Data records
- - -
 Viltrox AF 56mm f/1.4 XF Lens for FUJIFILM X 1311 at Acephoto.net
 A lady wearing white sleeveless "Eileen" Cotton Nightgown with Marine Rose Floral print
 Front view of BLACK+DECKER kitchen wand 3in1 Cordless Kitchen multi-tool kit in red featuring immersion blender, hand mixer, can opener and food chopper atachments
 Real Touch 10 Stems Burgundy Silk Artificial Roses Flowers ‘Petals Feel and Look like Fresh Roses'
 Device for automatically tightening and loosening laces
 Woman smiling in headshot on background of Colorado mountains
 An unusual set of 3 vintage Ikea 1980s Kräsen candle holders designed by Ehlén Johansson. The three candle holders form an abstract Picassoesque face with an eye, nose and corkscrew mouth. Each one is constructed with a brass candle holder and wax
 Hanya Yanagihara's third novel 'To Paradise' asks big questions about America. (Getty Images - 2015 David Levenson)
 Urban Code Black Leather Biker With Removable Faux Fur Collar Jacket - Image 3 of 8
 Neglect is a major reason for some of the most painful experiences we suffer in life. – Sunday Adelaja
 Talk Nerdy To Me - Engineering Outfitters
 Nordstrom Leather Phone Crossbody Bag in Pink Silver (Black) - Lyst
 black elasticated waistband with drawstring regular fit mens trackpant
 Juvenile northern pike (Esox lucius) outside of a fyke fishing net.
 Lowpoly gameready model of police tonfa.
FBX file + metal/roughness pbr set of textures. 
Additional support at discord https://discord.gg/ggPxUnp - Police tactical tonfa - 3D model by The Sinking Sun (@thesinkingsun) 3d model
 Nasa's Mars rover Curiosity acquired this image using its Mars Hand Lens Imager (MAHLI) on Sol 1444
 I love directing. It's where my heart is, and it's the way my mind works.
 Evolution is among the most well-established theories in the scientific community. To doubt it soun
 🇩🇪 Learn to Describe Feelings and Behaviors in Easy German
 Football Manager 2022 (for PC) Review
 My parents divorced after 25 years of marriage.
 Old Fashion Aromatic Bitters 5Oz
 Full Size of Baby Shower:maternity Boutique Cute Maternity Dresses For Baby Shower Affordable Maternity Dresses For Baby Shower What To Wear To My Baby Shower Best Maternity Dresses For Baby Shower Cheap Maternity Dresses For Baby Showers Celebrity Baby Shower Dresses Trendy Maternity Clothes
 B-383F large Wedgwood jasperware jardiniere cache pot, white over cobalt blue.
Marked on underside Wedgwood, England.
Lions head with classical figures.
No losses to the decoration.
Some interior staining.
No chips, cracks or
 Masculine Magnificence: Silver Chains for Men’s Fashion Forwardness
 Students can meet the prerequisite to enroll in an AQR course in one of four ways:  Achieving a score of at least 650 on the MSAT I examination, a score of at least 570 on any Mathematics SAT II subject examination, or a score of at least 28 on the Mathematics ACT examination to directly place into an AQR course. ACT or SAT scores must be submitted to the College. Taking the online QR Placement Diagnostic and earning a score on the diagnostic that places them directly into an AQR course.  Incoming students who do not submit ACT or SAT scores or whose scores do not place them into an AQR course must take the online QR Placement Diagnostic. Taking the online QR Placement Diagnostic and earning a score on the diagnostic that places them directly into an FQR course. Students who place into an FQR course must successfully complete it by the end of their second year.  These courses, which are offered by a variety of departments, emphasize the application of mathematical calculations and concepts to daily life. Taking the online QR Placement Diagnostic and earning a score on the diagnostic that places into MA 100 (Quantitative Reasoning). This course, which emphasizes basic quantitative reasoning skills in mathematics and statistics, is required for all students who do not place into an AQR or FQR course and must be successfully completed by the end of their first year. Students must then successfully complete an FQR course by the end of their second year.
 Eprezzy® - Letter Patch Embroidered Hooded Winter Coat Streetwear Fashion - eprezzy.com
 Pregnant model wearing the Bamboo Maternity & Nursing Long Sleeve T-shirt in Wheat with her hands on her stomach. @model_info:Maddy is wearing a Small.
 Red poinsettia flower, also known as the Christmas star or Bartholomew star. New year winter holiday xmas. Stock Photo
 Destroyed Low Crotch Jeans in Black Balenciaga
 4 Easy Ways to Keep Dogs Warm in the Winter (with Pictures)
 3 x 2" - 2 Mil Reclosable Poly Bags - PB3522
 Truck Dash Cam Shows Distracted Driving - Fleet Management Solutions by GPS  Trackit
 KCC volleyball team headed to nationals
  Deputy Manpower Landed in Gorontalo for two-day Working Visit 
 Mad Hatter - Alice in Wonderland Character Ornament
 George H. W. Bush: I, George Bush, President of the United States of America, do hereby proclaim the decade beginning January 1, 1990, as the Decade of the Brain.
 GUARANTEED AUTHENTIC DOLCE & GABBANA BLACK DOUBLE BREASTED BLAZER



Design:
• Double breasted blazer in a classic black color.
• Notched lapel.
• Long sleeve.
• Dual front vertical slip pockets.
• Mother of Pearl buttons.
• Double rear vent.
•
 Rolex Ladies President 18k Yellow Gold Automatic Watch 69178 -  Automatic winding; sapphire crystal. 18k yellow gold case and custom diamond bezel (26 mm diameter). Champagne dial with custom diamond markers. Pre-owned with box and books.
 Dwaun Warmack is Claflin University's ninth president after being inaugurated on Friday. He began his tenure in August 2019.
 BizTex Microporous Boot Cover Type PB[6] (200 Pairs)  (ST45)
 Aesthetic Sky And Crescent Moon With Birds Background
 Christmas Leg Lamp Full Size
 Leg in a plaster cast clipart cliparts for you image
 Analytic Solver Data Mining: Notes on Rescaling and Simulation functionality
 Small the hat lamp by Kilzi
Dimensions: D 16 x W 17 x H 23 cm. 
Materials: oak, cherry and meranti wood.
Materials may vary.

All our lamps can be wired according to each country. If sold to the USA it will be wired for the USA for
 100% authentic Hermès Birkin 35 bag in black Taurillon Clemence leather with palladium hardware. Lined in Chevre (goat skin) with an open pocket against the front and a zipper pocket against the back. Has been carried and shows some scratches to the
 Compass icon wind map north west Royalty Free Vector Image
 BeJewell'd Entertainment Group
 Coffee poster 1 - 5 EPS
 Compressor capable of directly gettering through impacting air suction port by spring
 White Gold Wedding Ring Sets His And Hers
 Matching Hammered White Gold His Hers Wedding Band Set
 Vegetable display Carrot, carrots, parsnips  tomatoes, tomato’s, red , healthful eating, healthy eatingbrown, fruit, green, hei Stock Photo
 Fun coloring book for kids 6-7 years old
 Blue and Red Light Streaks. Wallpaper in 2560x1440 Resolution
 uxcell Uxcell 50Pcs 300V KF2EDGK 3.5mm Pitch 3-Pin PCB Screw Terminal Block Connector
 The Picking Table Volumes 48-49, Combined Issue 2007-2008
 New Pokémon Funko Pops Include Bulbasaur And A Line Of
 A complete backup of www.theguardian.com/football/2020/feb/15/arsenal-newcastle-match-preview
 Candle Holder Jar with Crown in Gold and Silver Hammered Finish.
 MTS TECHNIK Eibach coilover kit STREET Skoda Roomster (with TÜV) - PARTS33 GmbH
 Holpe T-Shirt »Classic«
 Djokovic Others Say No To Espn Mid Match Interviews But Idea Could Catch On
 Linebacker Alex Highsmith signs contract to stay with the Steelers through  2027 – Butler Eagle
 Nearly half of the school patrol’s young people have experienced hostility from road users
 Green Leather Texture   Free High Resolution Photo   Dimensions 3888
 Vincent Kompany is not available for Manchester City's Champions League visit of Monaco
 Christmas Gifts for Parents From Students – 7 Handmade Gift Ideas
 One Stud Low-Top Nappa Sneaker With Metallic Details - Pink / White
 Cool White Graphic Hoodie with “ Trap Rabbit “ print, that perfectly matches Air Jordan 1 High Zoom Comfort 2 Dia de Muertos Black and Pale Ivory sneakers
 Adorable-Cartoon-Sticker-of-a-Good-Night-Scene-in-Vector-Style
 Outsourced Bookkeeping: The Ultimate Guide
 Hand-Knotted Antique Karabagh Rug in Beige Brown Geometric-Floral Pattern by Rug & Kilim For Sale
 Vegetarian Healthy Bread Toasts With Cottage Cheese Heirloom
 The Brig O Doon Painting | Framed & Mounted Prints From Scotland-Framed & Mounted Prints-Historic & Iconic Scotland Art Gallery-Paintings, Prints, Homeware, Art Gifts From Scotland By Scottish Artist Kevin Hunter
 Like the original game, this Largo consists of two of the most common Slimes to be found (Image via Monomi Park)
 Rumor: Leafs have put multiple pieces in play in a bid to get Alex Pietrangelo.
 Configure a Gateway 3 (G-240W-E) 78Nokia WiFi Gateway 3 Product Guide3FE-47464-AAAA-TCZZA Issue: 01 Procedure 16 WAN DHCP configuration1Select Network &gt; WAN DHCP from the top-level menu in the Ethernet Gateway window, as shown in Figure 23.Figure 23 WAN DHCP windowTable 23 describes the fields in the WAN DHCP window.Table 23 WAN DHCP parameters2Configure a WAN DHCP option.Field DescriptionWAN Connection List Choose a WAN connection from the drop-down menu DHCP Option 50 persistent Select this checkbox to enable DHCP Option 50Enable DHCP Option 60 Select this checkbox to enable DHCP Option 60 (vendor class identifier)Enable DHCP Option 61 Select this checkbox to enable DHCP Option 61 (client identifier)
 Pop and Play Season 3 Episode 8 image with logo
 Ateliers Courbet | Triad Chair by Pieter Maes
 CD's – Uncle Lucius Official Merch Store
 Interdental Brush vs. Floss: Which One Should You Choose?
- - -
> _The task_: Copy out each line from the preceding entries that mentions the word "Christmas".

> _Answer section_:
 Red poinsettia flower, also known as the Christmas star or Bartholomew star. New year winter holiday xmas. Stock Photo
 Christmas Leg Lamp Full Size
 Christmas Gifts for Parents From Students – 7 Handmade Gift Ideas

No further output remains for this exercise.